In Gaza, summer camps organized by the ruling party Hamas are giving tens of thousands of children an experience that includes walking on nails and on knife blades, and a mock Israeli prison that reenacts the experience of “Palestinian prisoners."
In recent years, Palestinian summer camps have more resembled paramilitary training grounds -- giving children the chance to dress up as masked Palestinian commandos and stage a mock attack on Israelis, plus weapons training with real Kalashnikov rifles.
More "moderate" summer camp experiences have been difficult to implement. In 2010, a United Nations-run summer camp in Gaza was burned to the ground by militants for "teaching schoolgirls fitness, dancing and immorality."

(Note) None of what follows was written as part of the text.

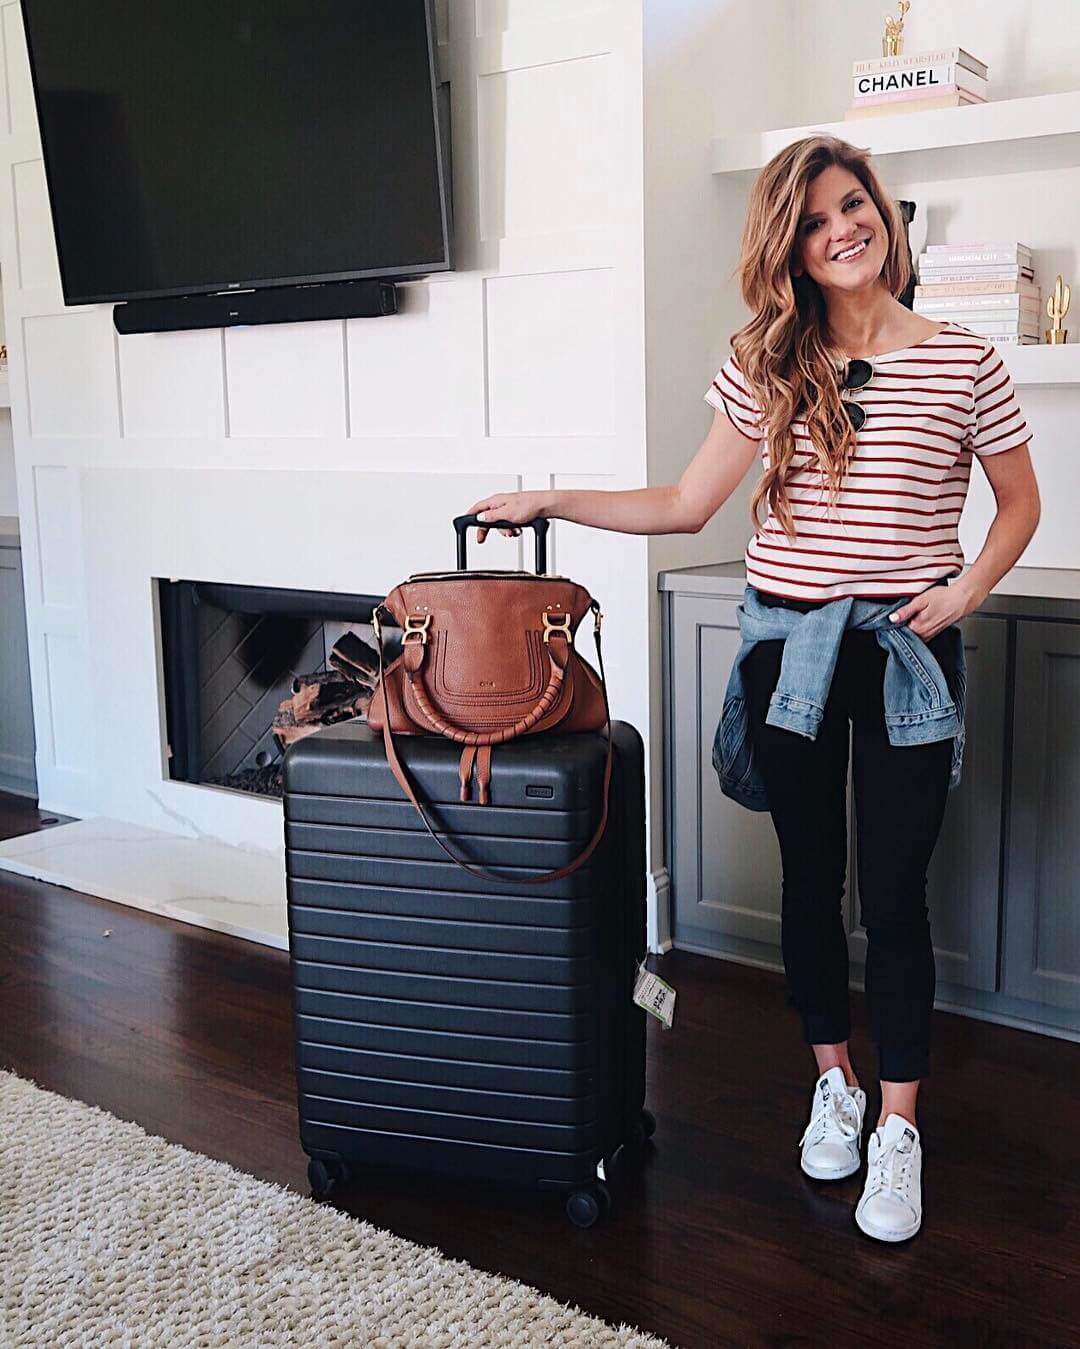 brighton keller travel outfit ideas wearing red and white striped tee with black jeans and denim jacket

Meanwhile, the “moderate” Palestinian leadership in the West Bank has named a summer camp after Dalal Mughrabi, who led the most lethal terror attack in Israel's history -- the 1978 Coastal Road massacre which resulted in the death of 38 Israeli civilians, including 13 children. This week, the Palestinian governor of the Jericho district told campers that Mughrabi "should be a beacon for us in our activities." (Al-Hayat Al-Jadida, July 16, 2012)
Advocates of the Israeli-Palestinian peace process have long decried the atmosphere of hate that permeates Palestinian society, school textbooks and the media. Genuine peace demands moderation, coexistence and tolerance to be taught and practiced as core values.
If Palestinian summer camps had a little less weapons training and a little more singing around the campfire, that would go a long way toward forging a ripe environment. As John F. Kennedy said, “Peace does not rest in charters and covenants alone. It lies in the hearts and minds of people.”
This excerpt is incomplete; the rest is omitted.